Alessandra Pacini

InSpace and NWRA

smiling woman with tattoos

My name is Ale. I am a Brazilian space physicist working at InSpace and the NWRA, focusing on spreading quality scientific information to underrepresented groups, motivating girls in STEM and promoting gender equality in the space physics area.

My research focus is the Sun, and I like to spend my days investigating the solar influences in the interplanetary medium and on our planet. As a scientist, my job is literally to search for answers to all “why” and “how” questions related to nature that are still unanswered. It’s cool, isn’t it?! Following the scientific methodology, I work analyzing data on my computer, discussing my results with colleagues, and sharing our findings by publishing scientific papers and presenting posters/seminars in conferences around the world. I met my American husband in a conference about geophysics in Costa Rica.

The data that I use in my studies come from space-going missions or ground-based stations. Sometimes the investigation requires a complementary dataset, then I start collaborating with other scientists or I go somewhere with new instruments and collect the data/samples that are missing. My fieldwork enabled me to spend months at the Brazilian Antarctic Station, go camping in the Chilean Patagonia, and meet Santa Claus at his office over the Arctic Circle. ;-) My favorite "toy" is now the gigantic Arecibo radio telescope (1,000 feet in diameter, almost 305 meters) that not only can measure the radio waves originating in space but also can transmit a powerful signal that “bounces” in some asteroid, planet or in our upper atmosphere—bringing back precious information about the target. I’m amazed every single time I walk into the control room!

But when I was a child, I had no idea how amazing a scientist's life could be...

I am the youngest kid of a multi-cultural Brazilian family. When I was born, in the early 1980’s, São Paulo (my hometown) was already one of the most populous cities in the world, full of industries and concrete. Observing the night sky during my childhood was challenging due to the cars' smoke and the city lights, but my father’s science books on our living room shelves were a frequent reminder to me to look up and enjoy the beauties of the sky. When I got to high school, I was lucky to have incredible physics and chemistry teachers who made me understand and embrace the fact that I love science. My friends called me a nerd at that time (and until now) but I never took it as bullying, I felt it was more like a compliment! How could I be offended at being known as a person who likes to understand nature?
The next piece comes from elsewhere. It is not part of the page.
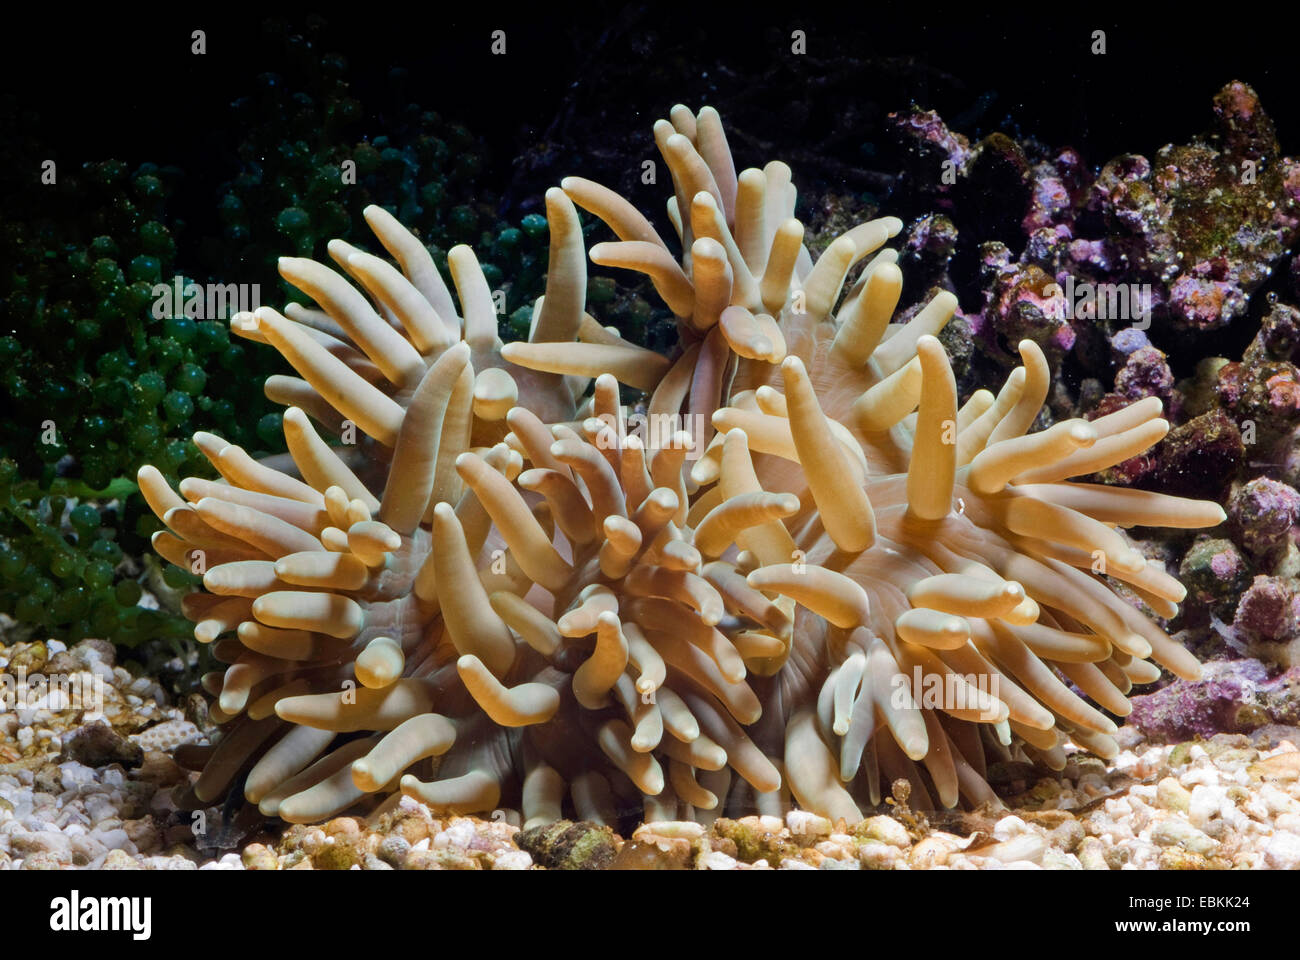 Leather anemone, Leathery sea anemone (Heteractis crispa), side view Stock Photo

Following my passion for science and inspired by Dr. Ellie Arroway (the scientist from Carl Sagan’s beautiful story “Contact”), I choose to study physics in college (I went to the Mackenzie University, in São Paulo). I found out there was a radio astronomy group in my university (called CRAAM) and I didn’t stop knocking on their door until they accepted me as an intern. As soon as my adviser showed me a movie of the Sun rotating and exploding, I fell in love… I decided to be a solar physicist and started studying the solar flares in X-ray and sub-mm waves.

The four years that I spent in college were not enough to answer the questions I had, so I spent seven more years at graduate school, ending up with a master's degree and two PhDs in Space Physics (one from a Brazilian Institute, INPE, and another from a Finnish one, University of Oulu). My research interests have broadened since then, and now include: cosmic rays, solar energetic particles, heliospheric modulation, cosmogenic isotopes and space weather.

It is true that my path was not always super exciting. I had considered changing my career direction a few times due to the exhausting productivity marathon that we scientists have to run nowadays (which is especially hard when you are a mom) … But there is always a new project, an old mentor, a brilliant discovery that inspires me to get back on track.

I realized that to be a good scientist, it is not necessary to be a genius, have a mustache and a crazy hairdo (if you have it, it is fine too). You only need to study hard, be curious, focused and well connected. You must keep your mind open for new techniques, theories and questions. And, the most important thing: you must persist searching for your answers… This search always opens space for new and more exciting questions! Being a scientist means being an everlastingly curious person.

Even cooler than finding an answer for your scientific question is sharing your discoveries with people around you: the general public, your peers, your students, your friends, your kiddos (I have two: Gabriel, a very energetic 7-year-old boy, and little Aurora, the smartest 2 year-old girl that I know). Helping people to better understand nature and seeing the wonder in my children’s eyes after understanding the world around them will always be my main motivation to be a scientist. I wrote the collection books about a group of girls and their adventures always relate to space, (Girls in Space collection) hoping to motivate other girls around the Earth to become space scientists, too.

I’m now living my dream, working at the same Observatory where my first inspiration, Dr. Ellie Arroway, worked: the Arecibo Observatory! May all of our nerd dreams come true!